Dziewczynka postanowiła nie tracić czasu i wbiegła w głąb lasku, aby się ukryć.

- Siedem, osiem, dziewięć, dziesięć... Szukam! - słyszała głos ojca.

Biegła dalej w poszukiwaniu jakieś kryjówki aż nagle wpadła na coś. Odwróciła głowę w tym kierunku i ujrzała wilka. Był on bardzo duży w porównaniu do niej. Normalny człowiek by się przestraszył, ale nie ona...

- Dzień dobly - powiedziała z szerokim uśmiechem na twarzy.

Wilk tylko zawył głośno przez co dziewczynka upadła.

Zaczął się do niej niepewnie zbliżać, po czym ją obwąchał.

- Angel! Gdzie jesteś? Poddaję się, słyszysz? Chodź do tatusia - wołał zaniepokojony mężczyzna.

Wilk wystawił łapę w stronę dziecka, a ona ujrzała, że zwierzę jest dość mocno skaleczone.

- Nie bój sie. Pomoge ci i zalaz będzies zdlowy - oznajmiła ochoczo przy tym gestykulując.

Wzięła ciężką łapę wilka w swoje małe rączki i położyła je na ranie. Z jej dłoni zaczęła wydobywać się smuga światła. Nie raz już tak robiła, ale za każdym razem jest tak samo tym oczarowana.

Po chwili położyła łapę wilka na ziemię. Ogromnym zaskoczeniem dla niego było to, że był uleczony.

Gdyby tak się mu dokładnie przyjrzeć, można by powiedzieć, że w jego oczach było widać ogromne zdziwienie, jak i wdzięczność.

- Pacz juz jesteś zdlowy! - krzyknęła uradowana.

Wilk podszedł do niej i delikatnie się w nią wtulił tak, aby nie zrobić jej krzywdy.

- Nazwę cię Shadow - powiedziała i pogłaskała wilka.

On tylko głośno zaszczekał.

Nagle zza drzew wybiegł wystraszony mężczyzna z różdżką w ręku.

- Tatuś, pacz mam zwiezątko! Mozemy go wziąć? - spytała mając nadzieję, że jej opiekun się zgodzi.

- Angel, to jest niebezpieczne zwierzątko. Musisz bardzo powoli tu do mnie przyjść, rozumiesz?
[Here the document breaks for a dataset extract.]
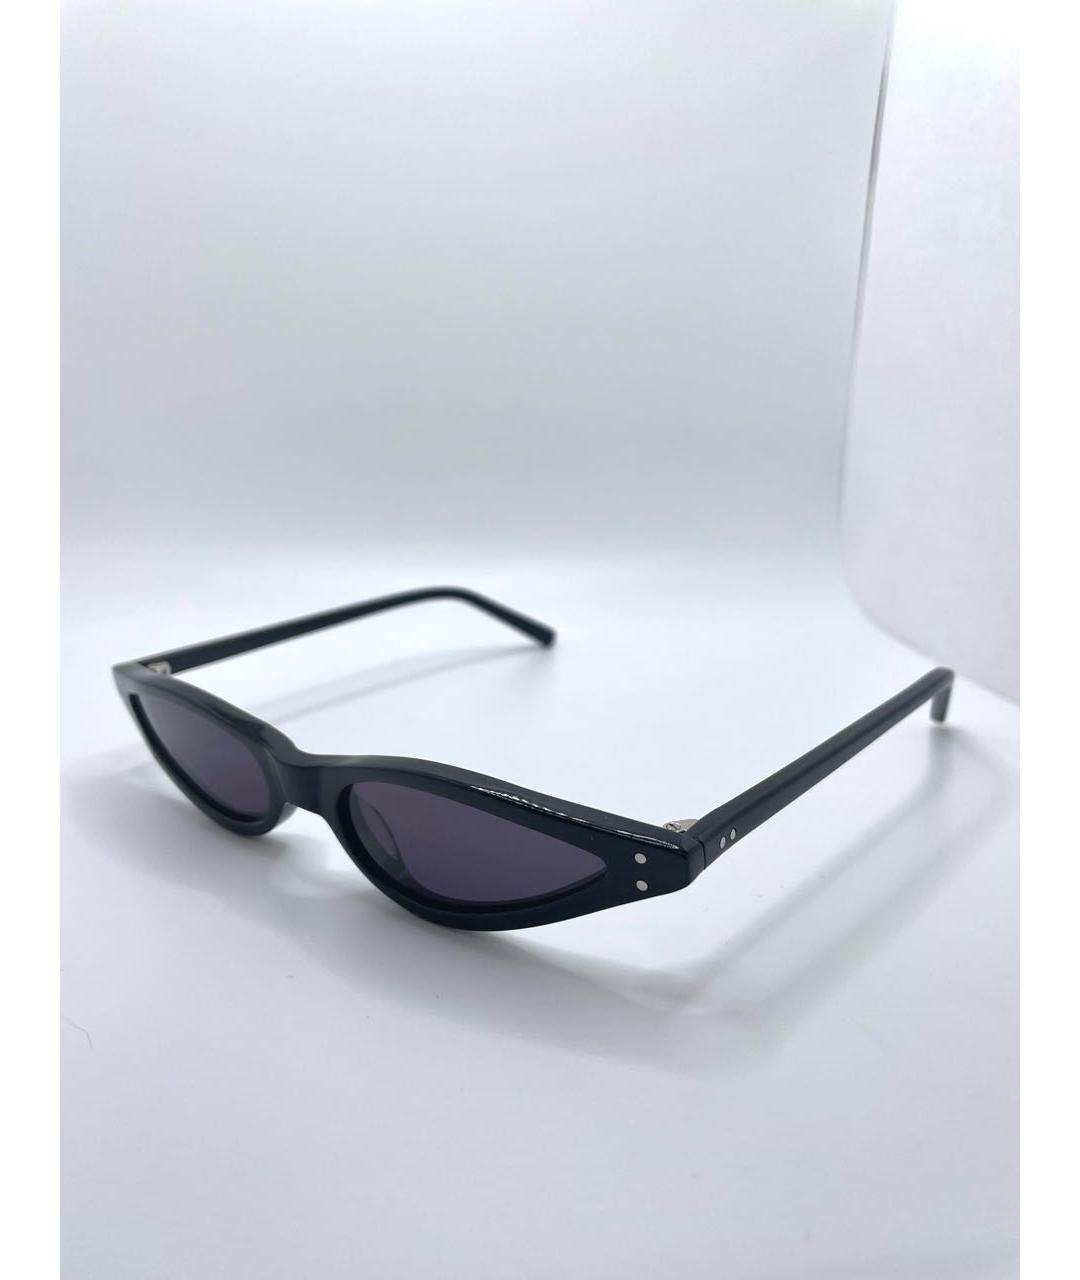 GEORGE KEBURIA Черные пластиковые солнцезащитные очки, фото 2

- Nie! Ja chce być z Shadow! - zaprotestowała tupiąc nóżką.

- Nazwałaś go? - zapytał zaskoczony.

- Tiak - odparła i wtuliła się w wilka.

Ojciec dziewczynki zrozumiał, że prośbami nic nie wskóra, dlatego zaczął zbliżać się do córki. Wilk, gdy to zobaczył, stanął przed dziewczynką i zaczął warczeć.
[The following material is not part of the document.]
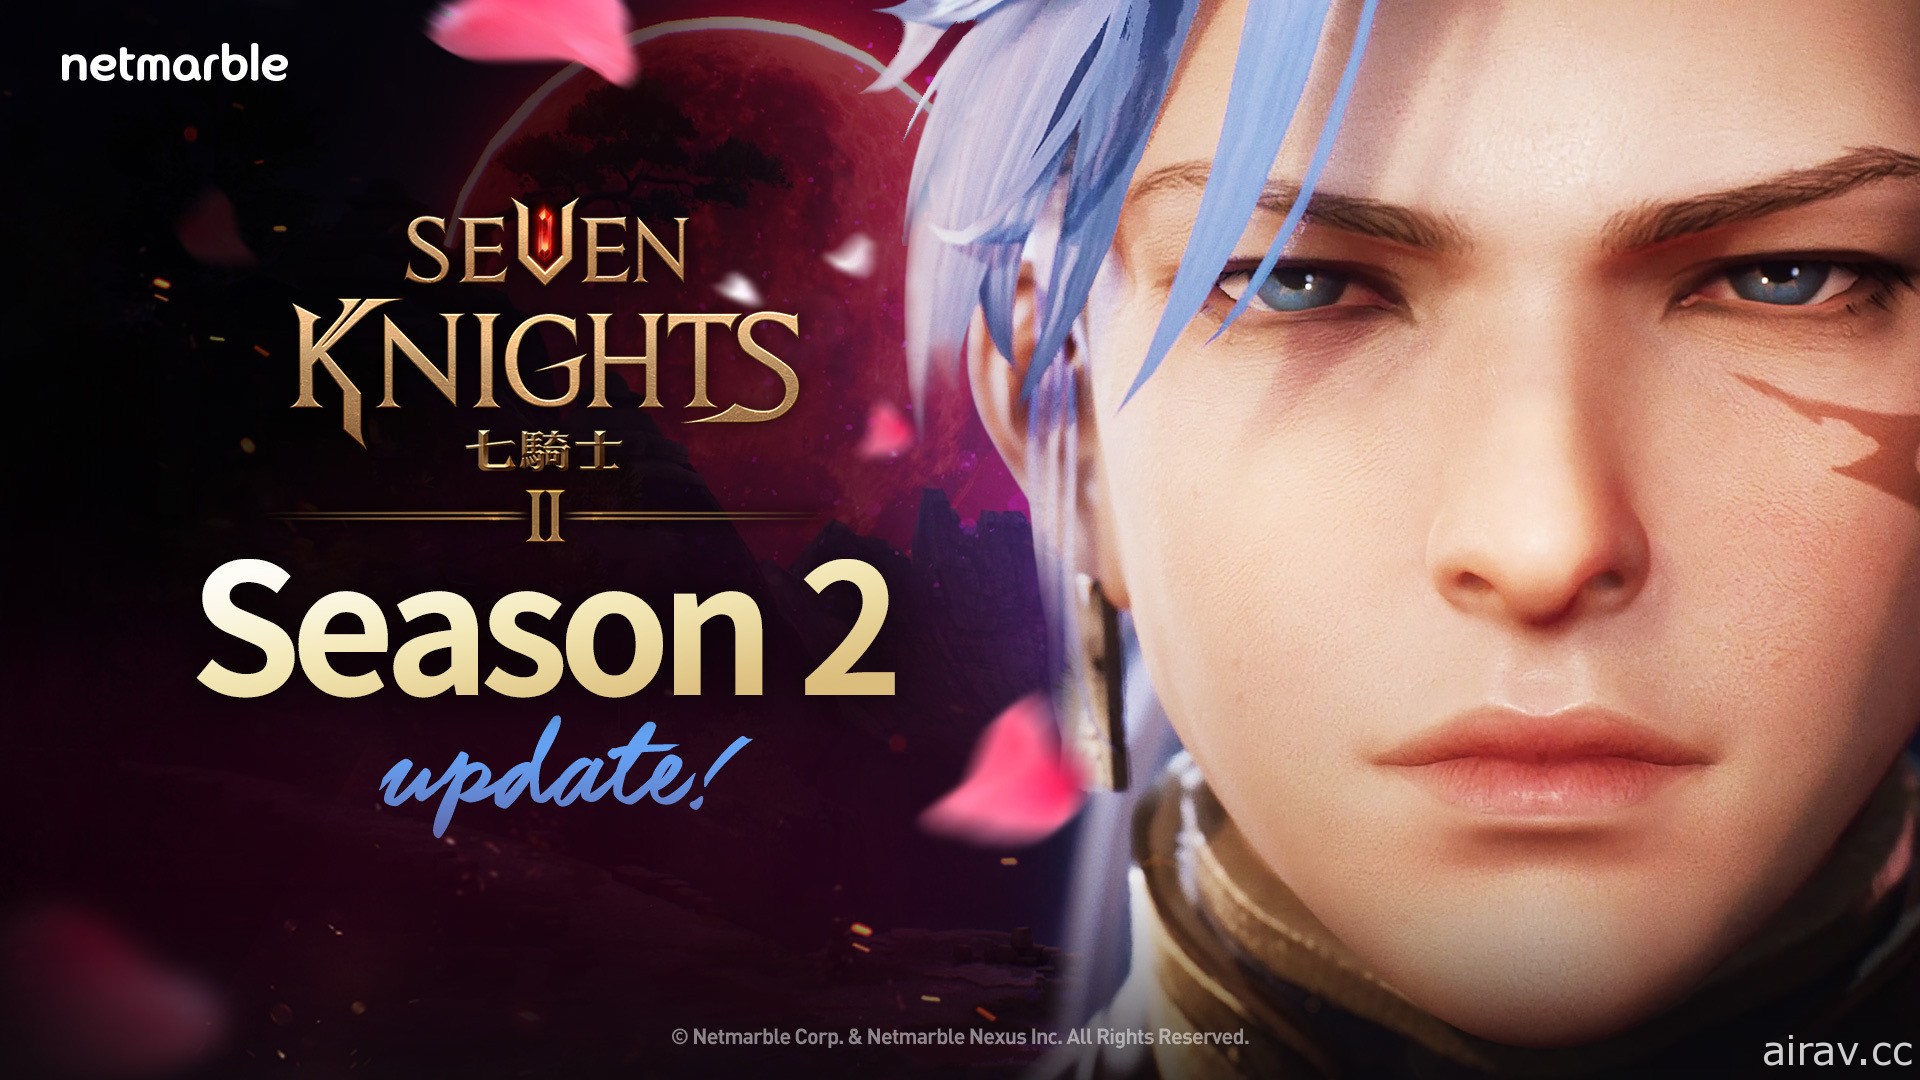 《七騎士 2》開啟第 2 季 全新遊戲內容與活動同步推出

- Już dobzie. Mój tatuś jest dobly. Teraz musę juz iść, ale jesce wlócę i sie zobacymy.

Przytuliła wilczka na pożegnanie i pobiegła w stronę taty. On ukucnął przed nią i obejrzał ją dokładnie, aby się upewnić, że nie jest ranna. Potem wziął ją na ręce i ruszył w kierunku domu.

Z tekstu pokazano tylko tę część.